An art exhibit currently on display at North Carolina State University seeks to “celebrate and reclaim the texture, versatility and beauty of Black hair.”

Titled “The Politics of Black Hair,” the art exhibit is sponsored by the public university’s Women’s Center and went on display earlier this month. The art exhibit will be on display in a campus art gallery until late March.

According to a university webpage, the art exhibit includes photos of North Carolina State community members and aims to “reclaim” black hair.

“We invited Black women, men, trans, gender non-binary and nonconforming folx at NC State to take part in this celebration by participating in a photo shoot where Black hair took center stage,” an online description states.

Additionally, the university webpage says the display is “comprised of the counternarratives of every human represented.”

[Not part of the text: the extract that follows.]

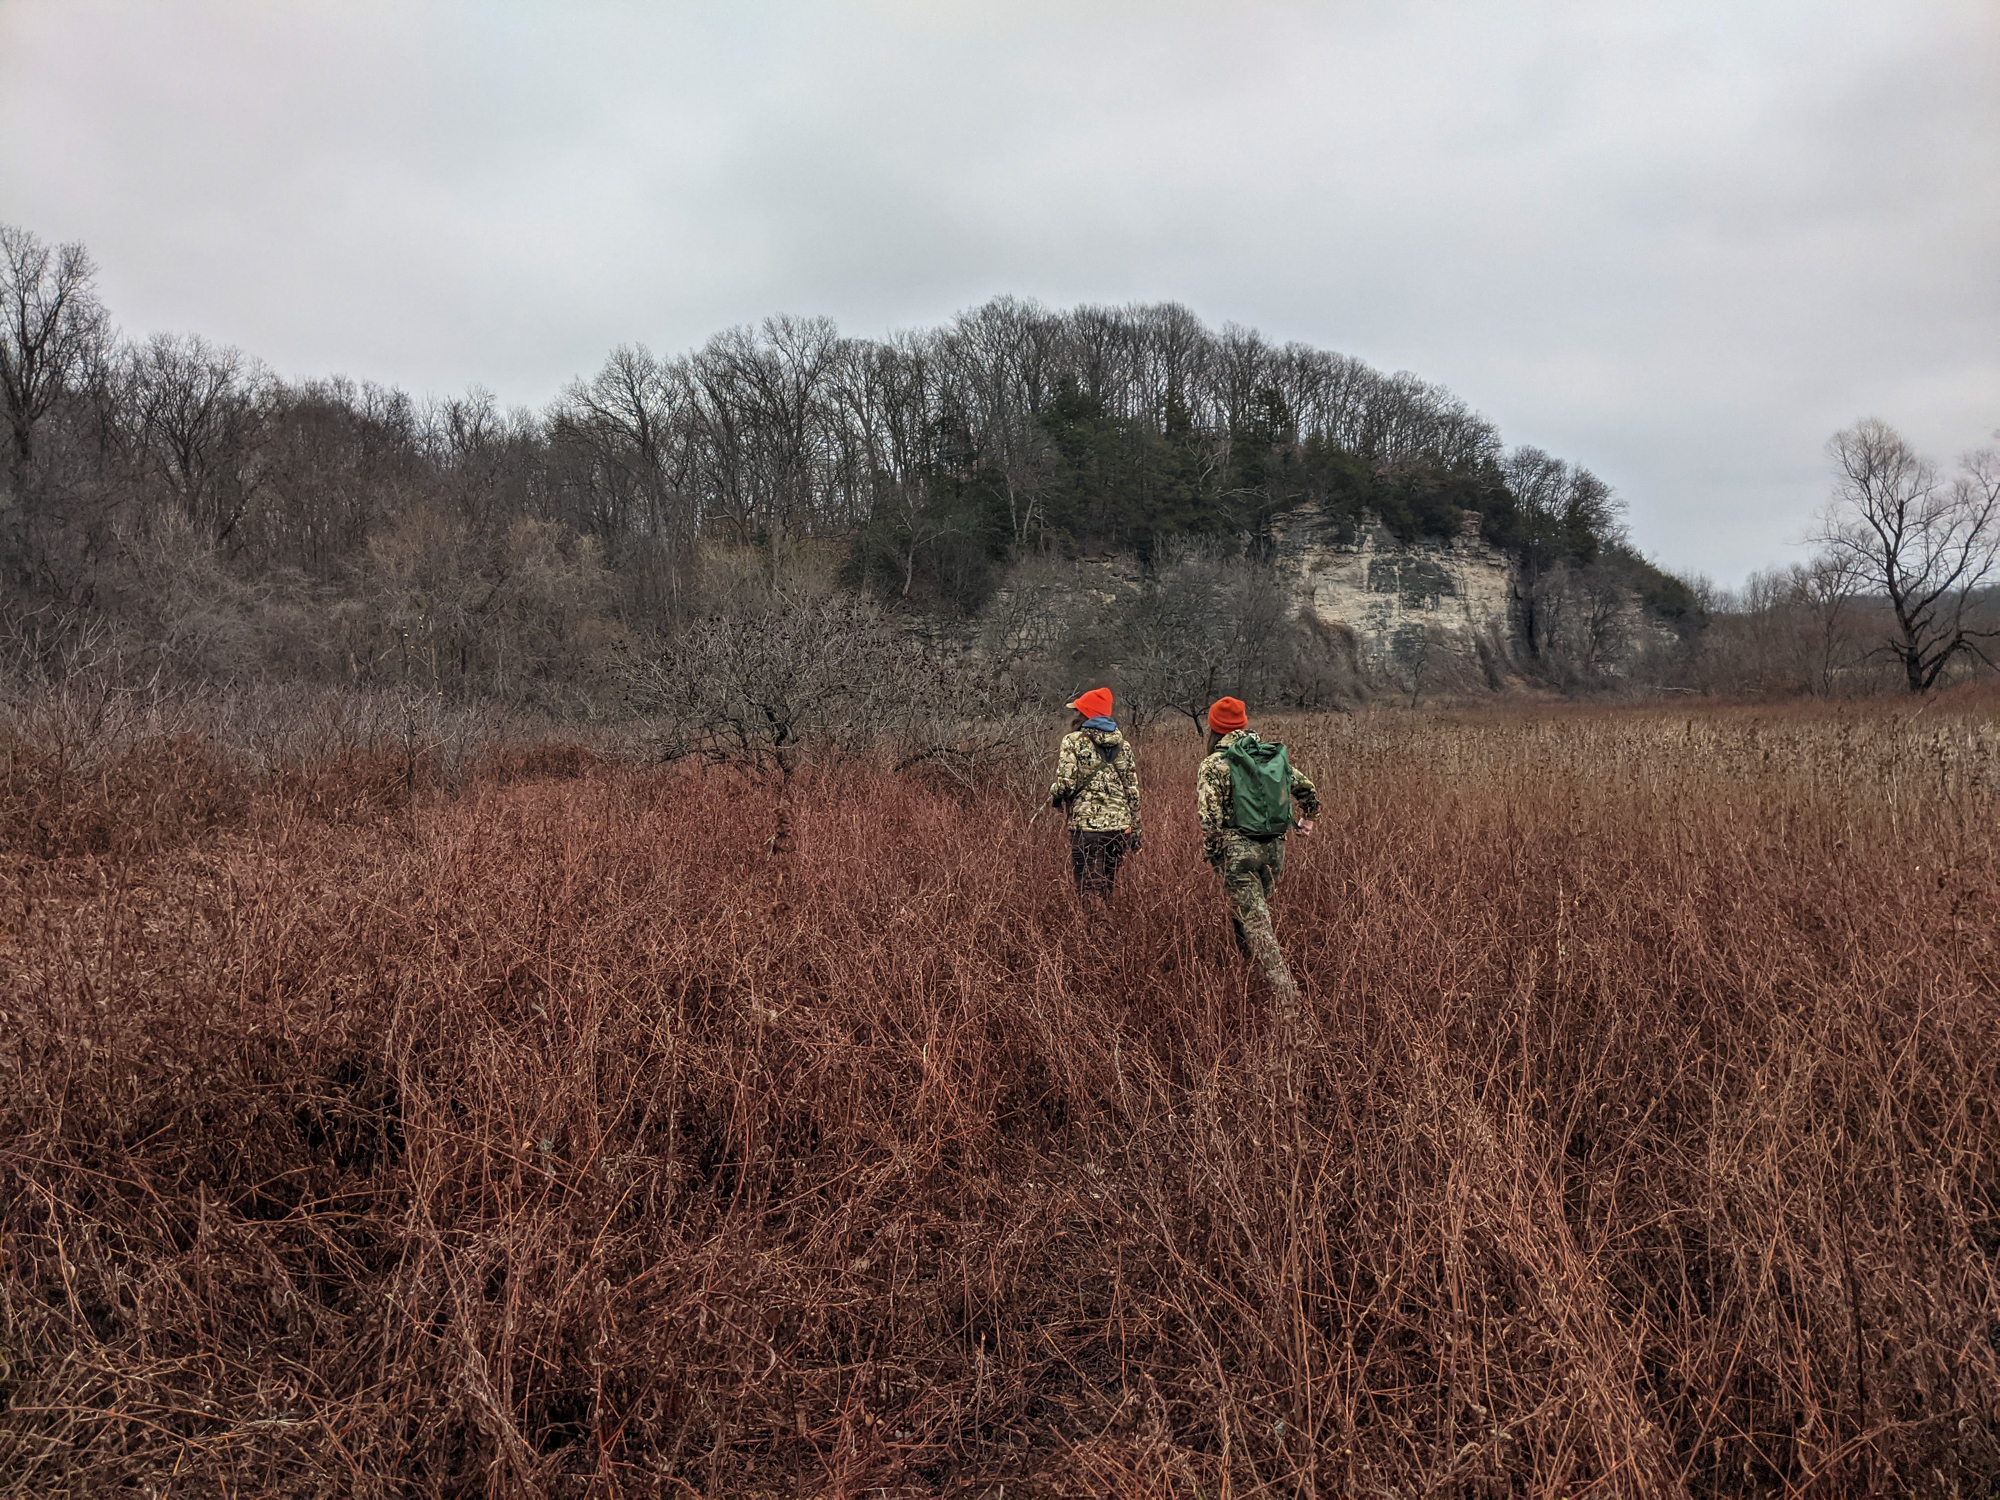 Two hunters in camo and blaze orange caps walk across a winter field.
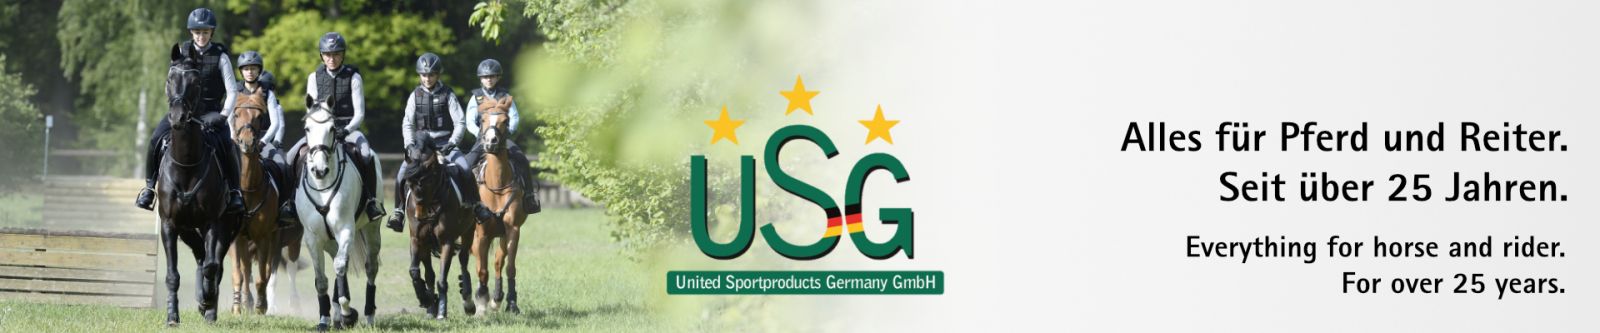 Sustainability - USG - United Sportproducts Germany GmbH

“The photo shoot displayed the authenticity and liberation that comes with embracing the inherent freedom of Black hair,” the exhibit’s description states. “This exhibit also addresses the revolutionary politics that comes with Black self-acceptance within cultures that seek to oppress as well as stifle the imagination, creativity and energy of Black identified folx.”

The North Carolina State art exhibit comes as some in recent years have claimed that black hair has become a target of microaggressions and cultural appropriation.

For instance, a 2008 article published by scholars said African-Americans experienced microaggressions when their customs, specifically their hair styles, were considered “abnormal.”

The article said “this theme was particularly salient … around issues of hair and dress.”

Meanwhile, an article published in 2016 by HuffPost alleged that white individuals, specifically members of the famous Kardashian family, were guilty of “culturally appropriating” black hair.

“The problem with the Kardashians and other white people culturally appropriating black hair styles is simple: These are black historical styles, and they haven’t earned the right to wear them,” the article stated.